Leaving out the pictures, write out exactly each line from the line with "A stamped impression" through the close of the listing below.

Input data:
[Start of section]

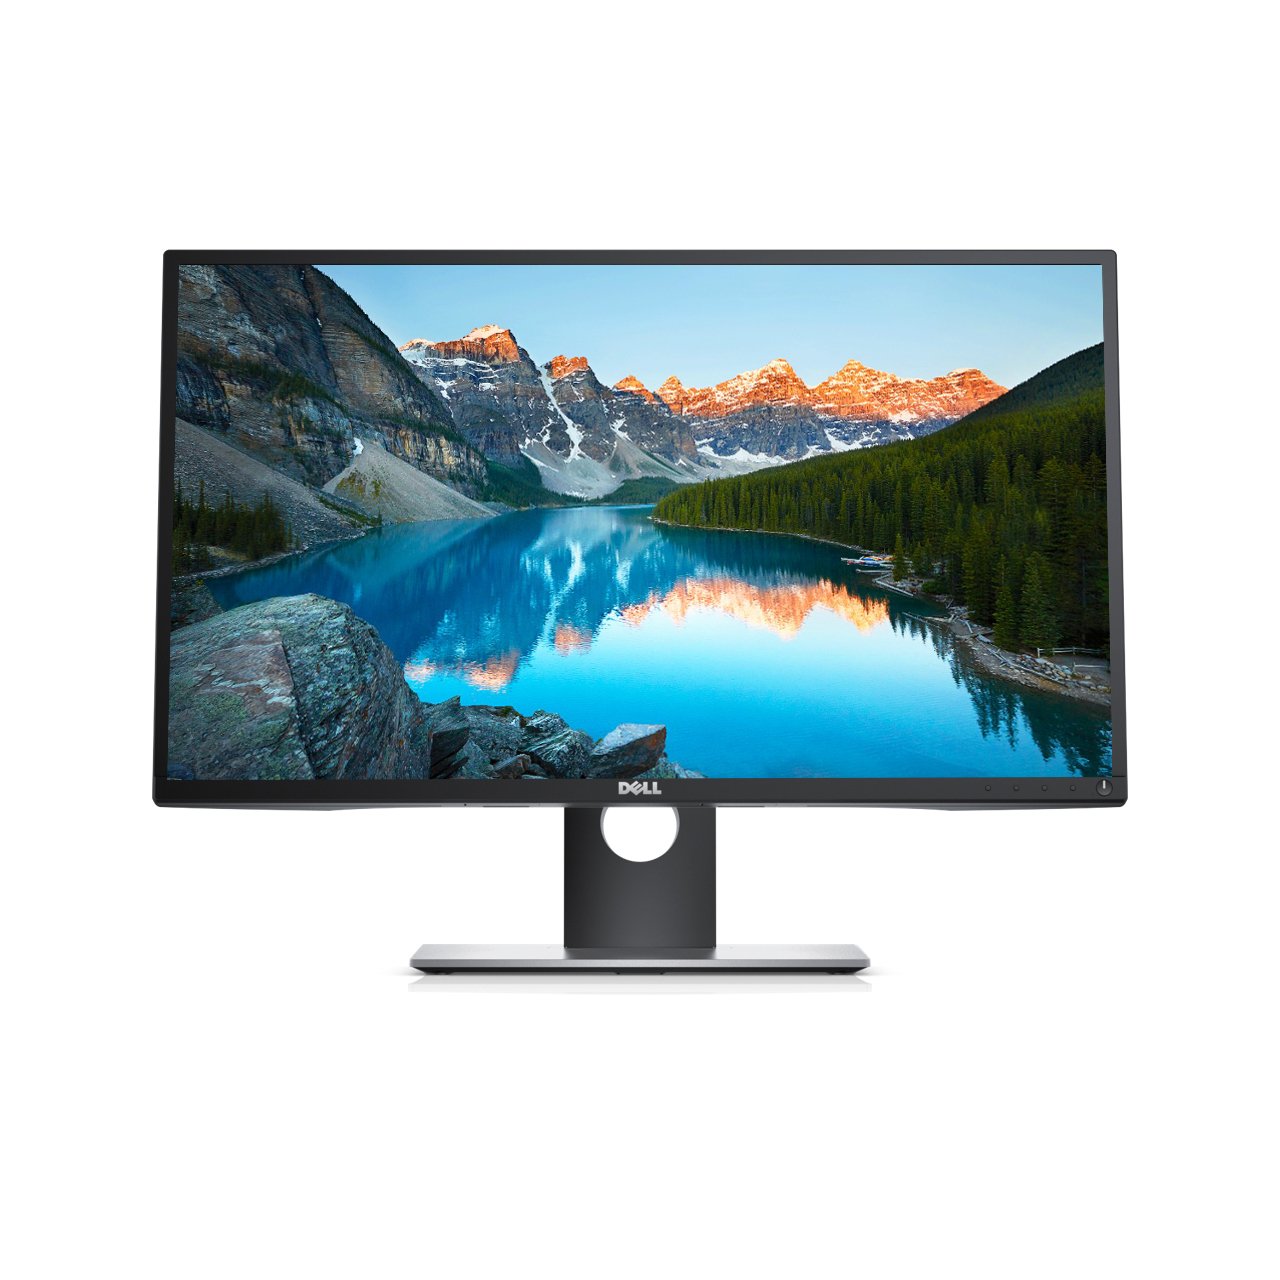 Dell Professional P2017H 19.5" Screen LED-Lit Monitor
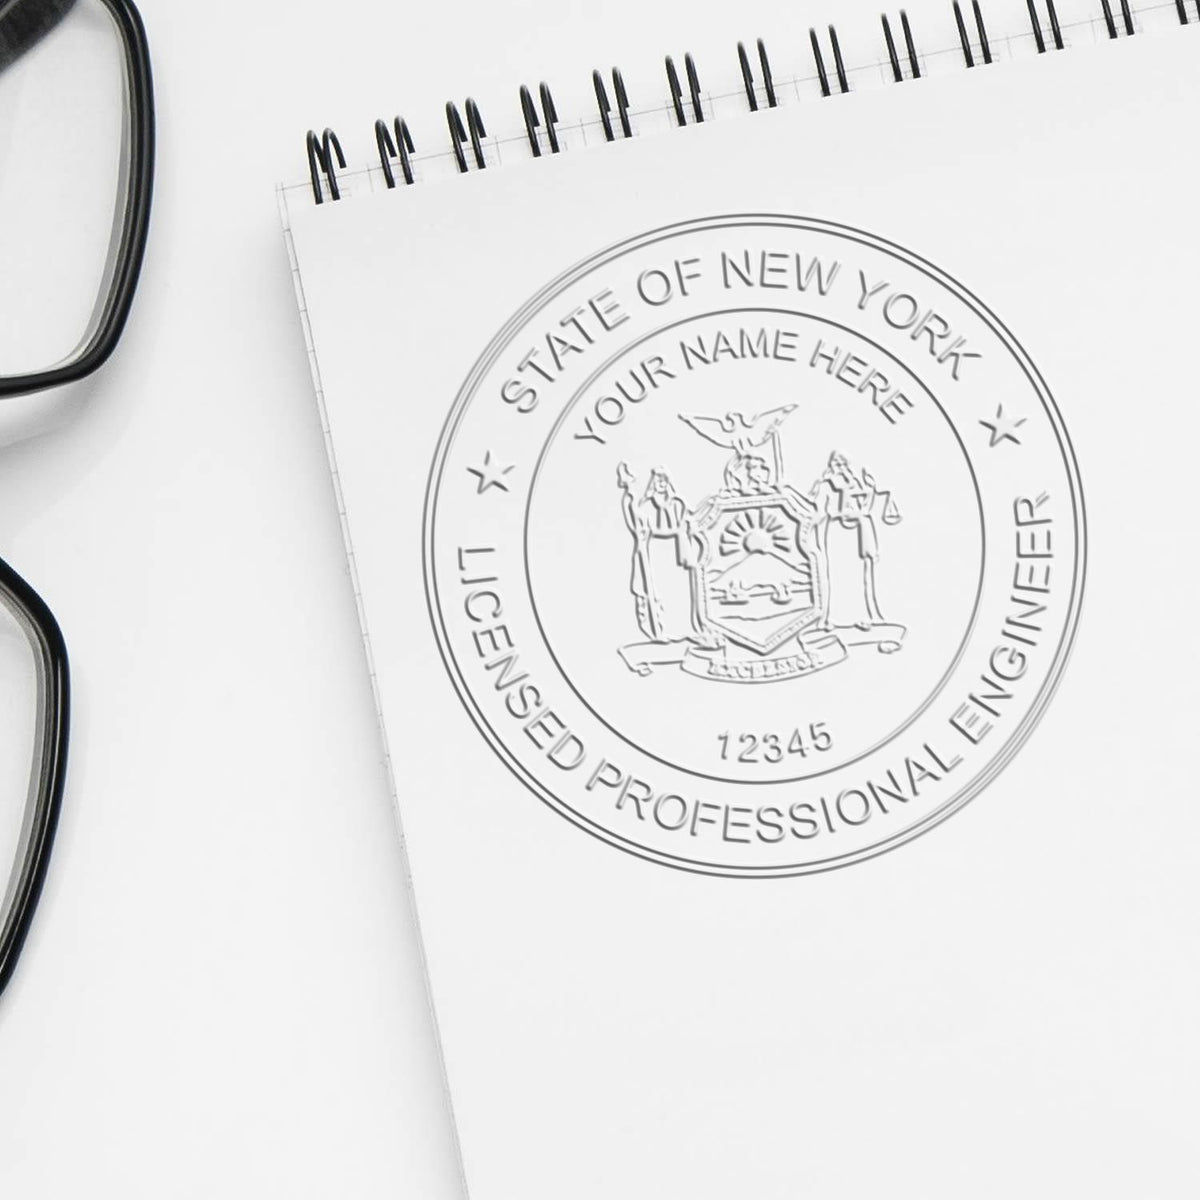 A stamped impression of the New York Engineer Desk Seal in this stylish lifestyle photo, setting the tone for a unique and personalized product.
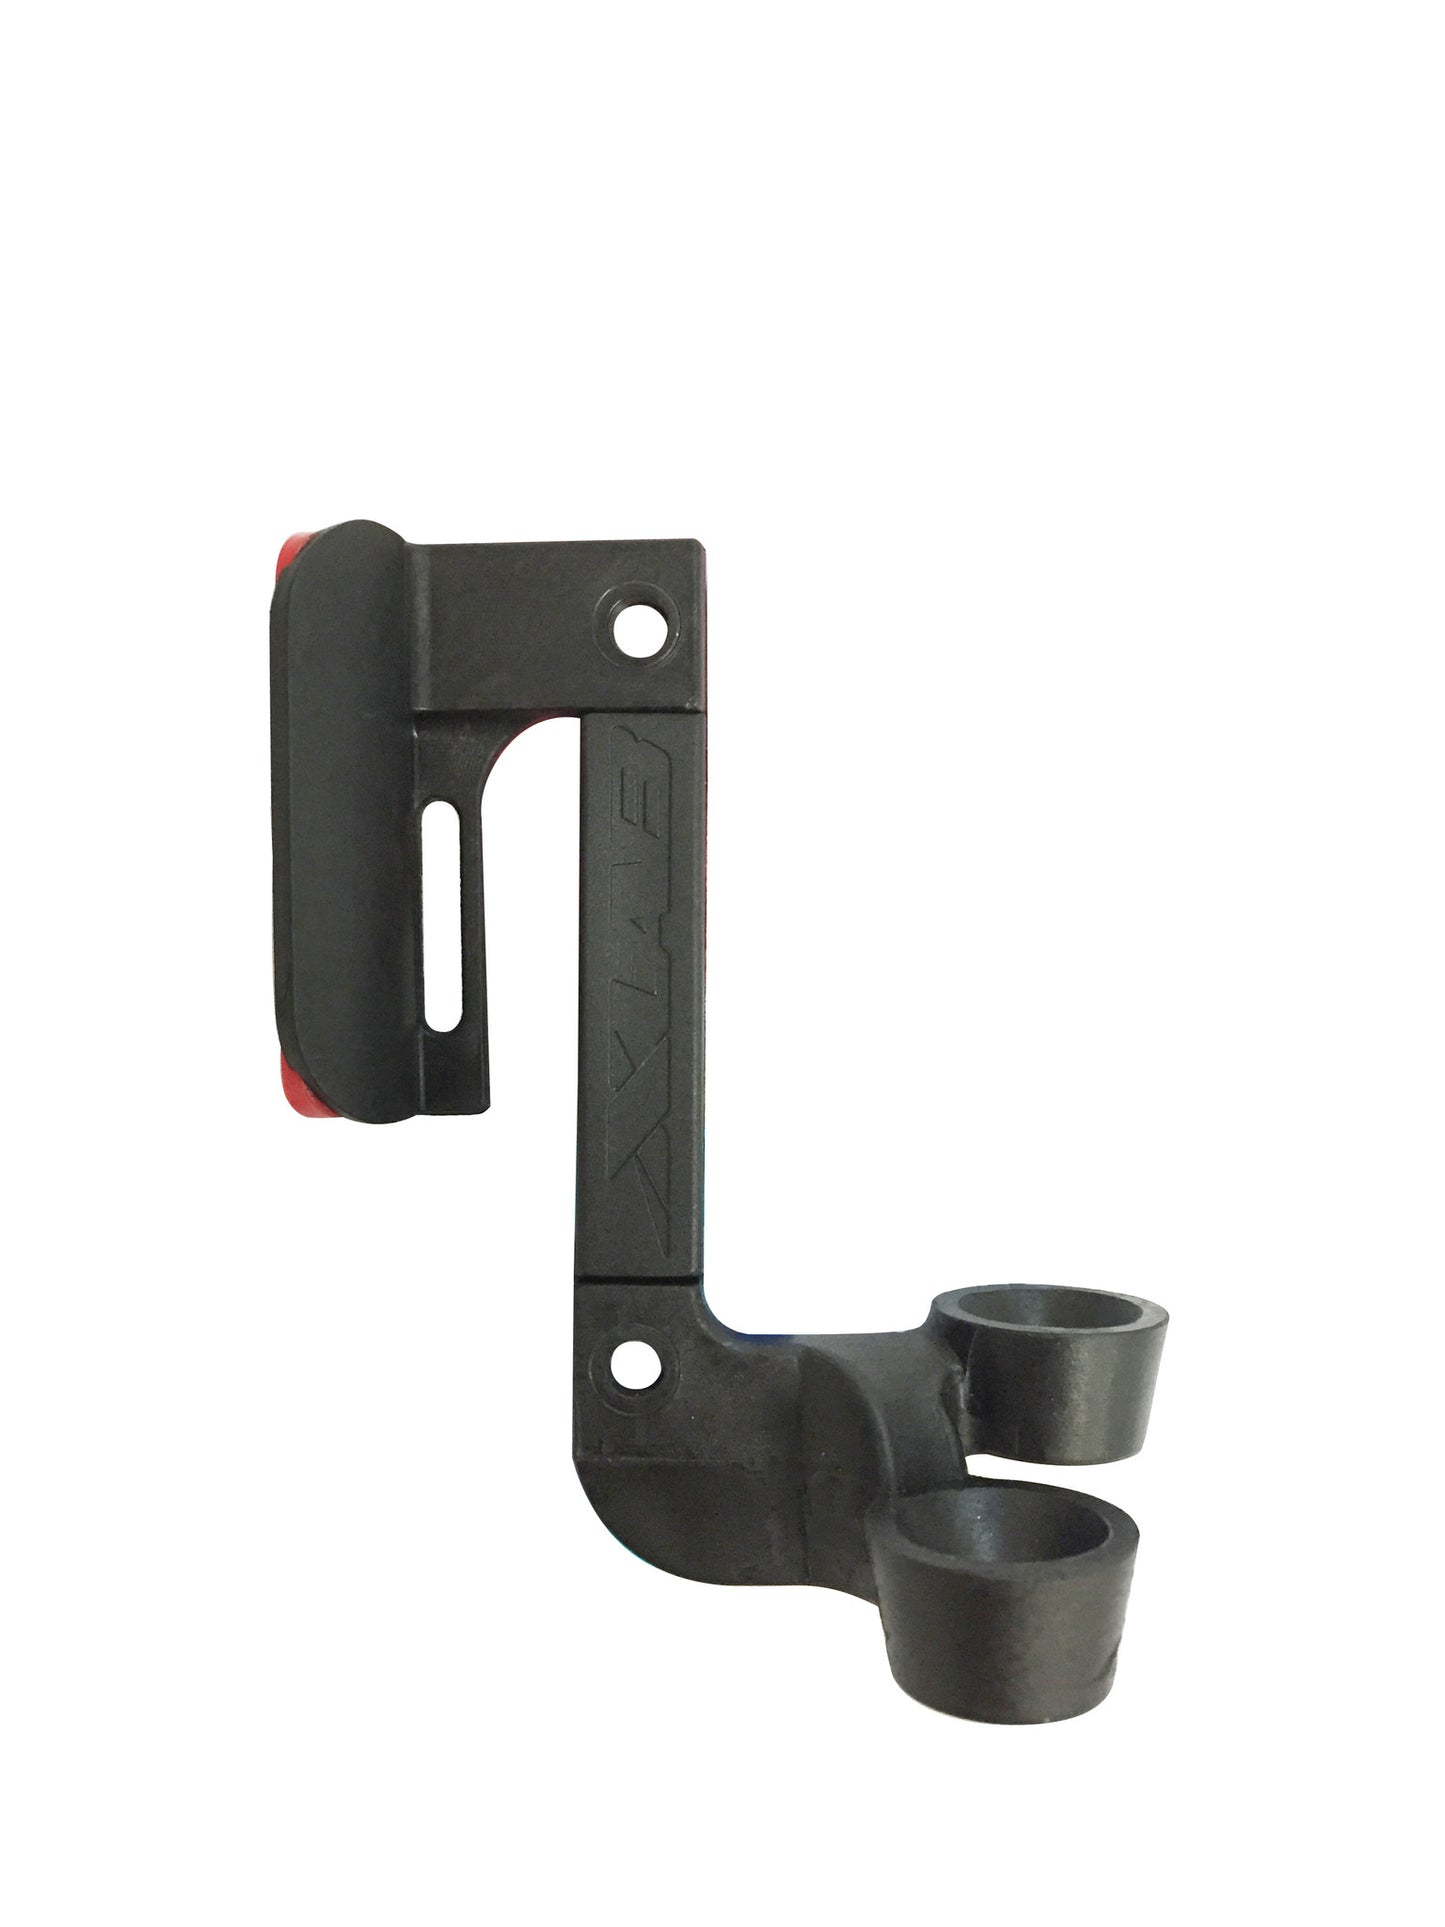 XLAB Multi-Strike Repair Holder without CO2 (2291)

[End of section]

Exercise result:
 A stamped impression of the New York Engineer Desk Seal in this stylish lifestyle photo, setting the tone for a unique and personalized product.
 XLAB Multi-Strike Repair Holder without CO2 (2291)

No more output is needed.